Тогда же в кабинете Оливье произошли кадровые перестановки, оказавшие большое влияние на последующие события. Новым министром иностранных дел стал герцог Агенор де Грамон, кадровый дипломат, прежде на протяжении девяти лет занимавший пост французского посла в Вене. Грамон был известен как один из самых ярых поборников союза с Австро-Венгрией, что не сулило ничего хорошего для франко-прусских отношений. Став министром, Грамон вдобавок оказался посвящен императором в тайну секретных переговоров с Францем-Иосифом, что должно было самым негативным образом отразиться на настроениях импульсивного герцога.
Сам Грамон не рвался занять пост министра, слишком шаткий для того, чтобы обеспечить своему обладателю необходимое влияние[94]. Примечательно, что император воспротивился желанию Оливье самому занять пост министра иностранных дел, мотивируя это тем, что успех внутренних реформ нового правительства важней внешней политики.

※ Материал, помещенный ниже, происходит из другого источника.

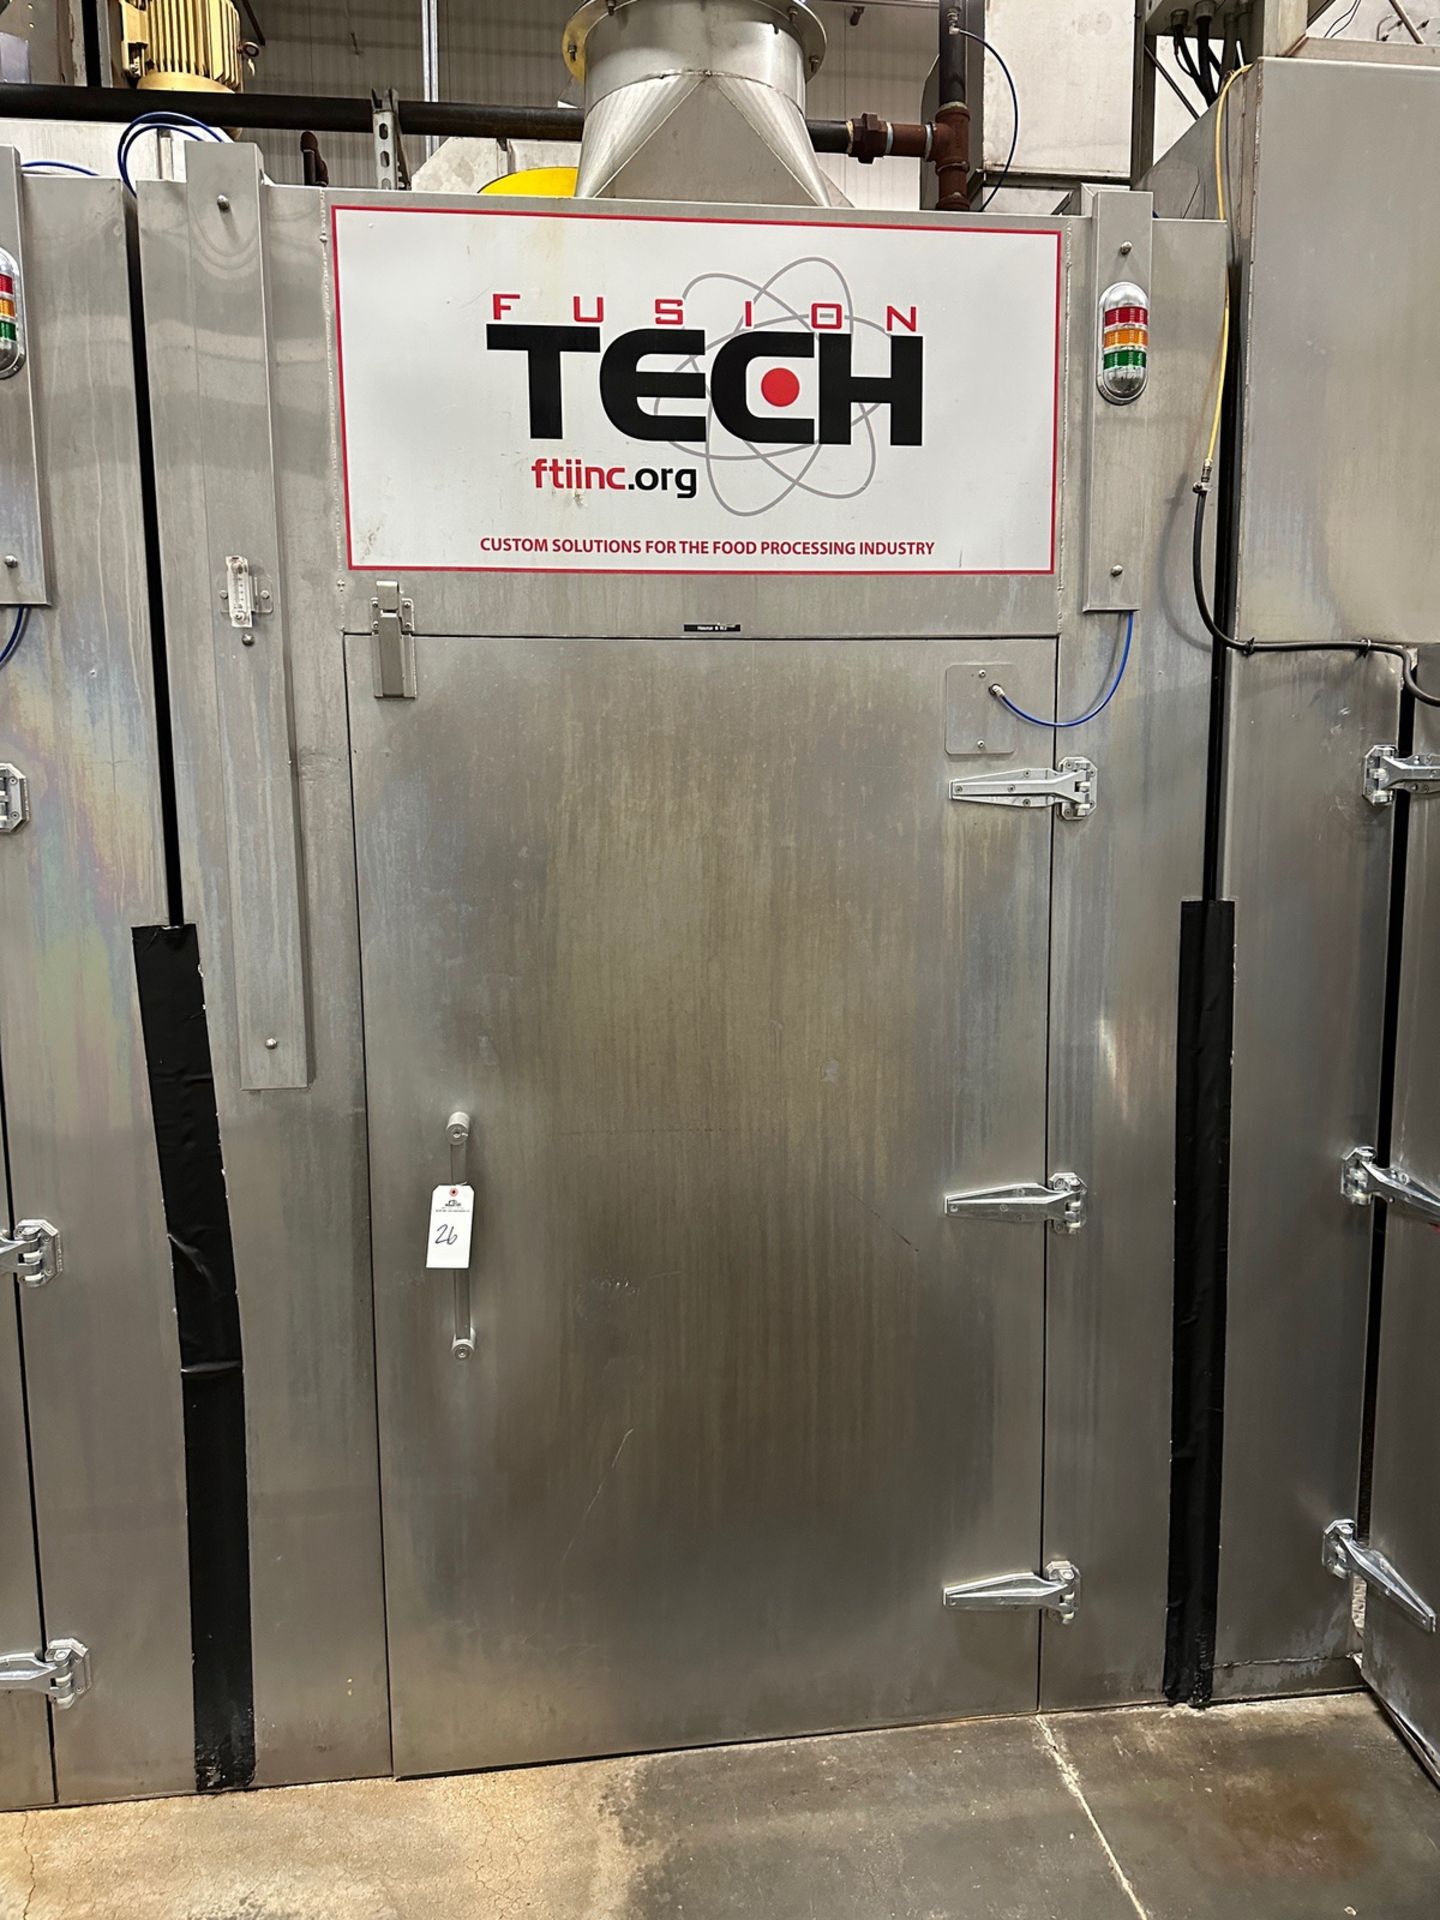 2018 Fusion Tech SM-04100-GP Oven / Smokehouse (Approx. 70" x 17'6" w 80" Wide Door) | Rig Fee $4500

Не важно, кто займет пост на Кэ д’Орсэ, заявил Наполеон III, поскольку «мы решили ничего [во внешней политике] не предпринимать». По словам самого Оливье, он предложил должность министра иностранных дел Грамону, рассчитывая, что тот будет временной фигурой, которая уступит главе правительства свой пост, когда представится удобный случай[95]. Были ли в этой связи заверения Наполеона III в стремлении к миру с соседкой, торжественно им данные тогда, искренними? Внешняя политика императора французов, по оценке его же дипломатов, всегда отличалась тем, что имела «двойное дно», а официальные инструкции нередко противоречили сокровенным замыслам императора[96].

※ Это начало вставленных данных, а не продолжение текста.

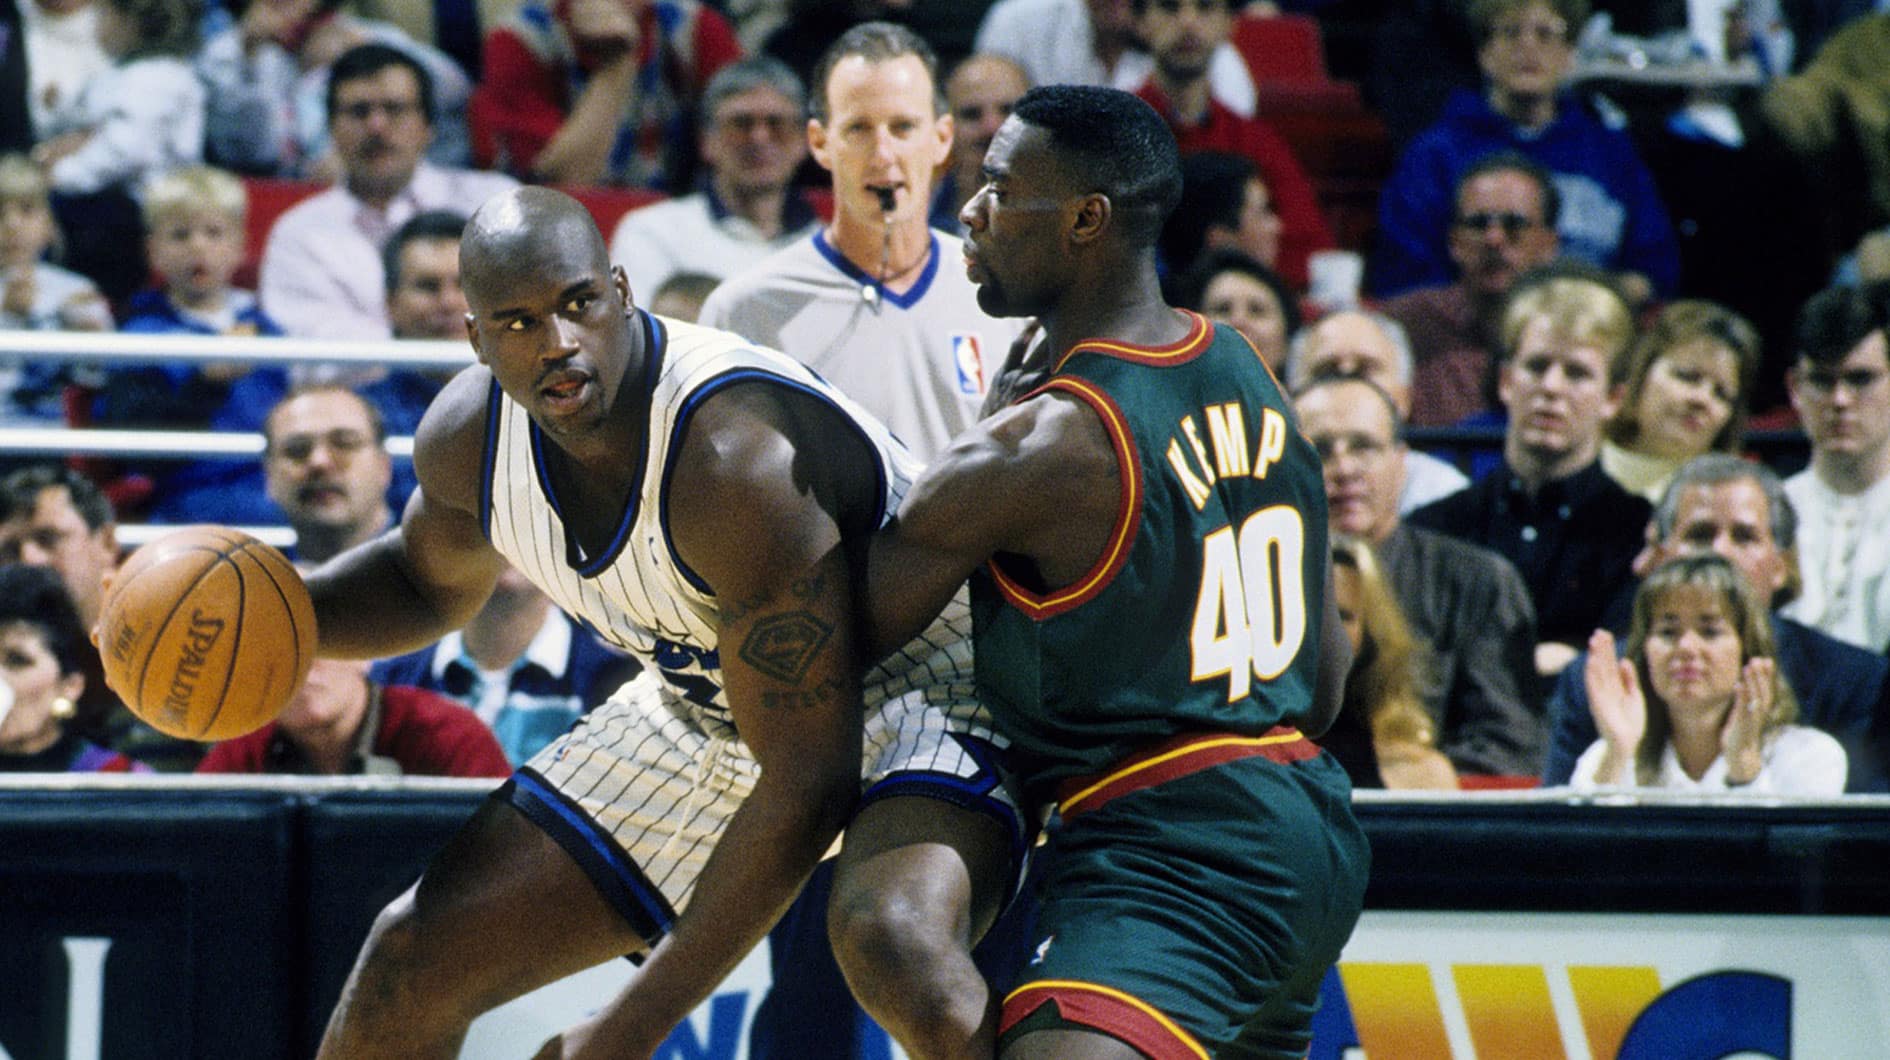 Orlando Magic center Shaquille O'Neal (32) in action against Seattle Supersonics center Shawn Kemp (40) at the Orlando Arena. Mandatory Credit: RVR Photos-USA TODAY Sports

Как бы то ни было, политика примирительных жестов правительства продолжала пользоваться поддержкой парламентского большинства. Депутаты с завидным постоянством отказывали военному министерству в существенном увеличении расходов на подготовку мобильной гвардии в качестве резерва армии, модернизацию артиллерии и строительство новых укреплений. Более того, 30 июня 1870 г. Оливье провел подавляющим большинством голосов в Законодательном корпусе постановление о сокращении ежегодного контингента призывников на 10 тыс. человек: со 100 до 90 тыс. В течение пяти лет это должно было уменьшить французскую армию на 50 тыс. солдат.
Это решение шло вразрез с мнением самого императора, но в качестве триумфатора недавнего плебисцита он счел невозможным оказать давление на Парламент[97]. Всю первую половину года Наполеон III, по удачному выражению А. Гутмана, «пытался втиснуться в немного тесный для него костюм конституционного монарха»[98]. Сокращение военных расходов было популярно у французского избирателя и отвечало стремлениям оппозиции, резко усилившейся по итогам парламентских выборов 1869 г. Либералы и республиканцы были далеки от того, чтобы поощрять активность Наполеона III на международной арене, и их бюджетная политика была инструментом достижения этой цели. У. Серман отмечает, что большинство депутатов Законодательного корпуса глубоко заблуждались относительно современных военных реалий и подходили к проблеме безопасности страны исключительно с позиции «эмоций и бюджета»[99].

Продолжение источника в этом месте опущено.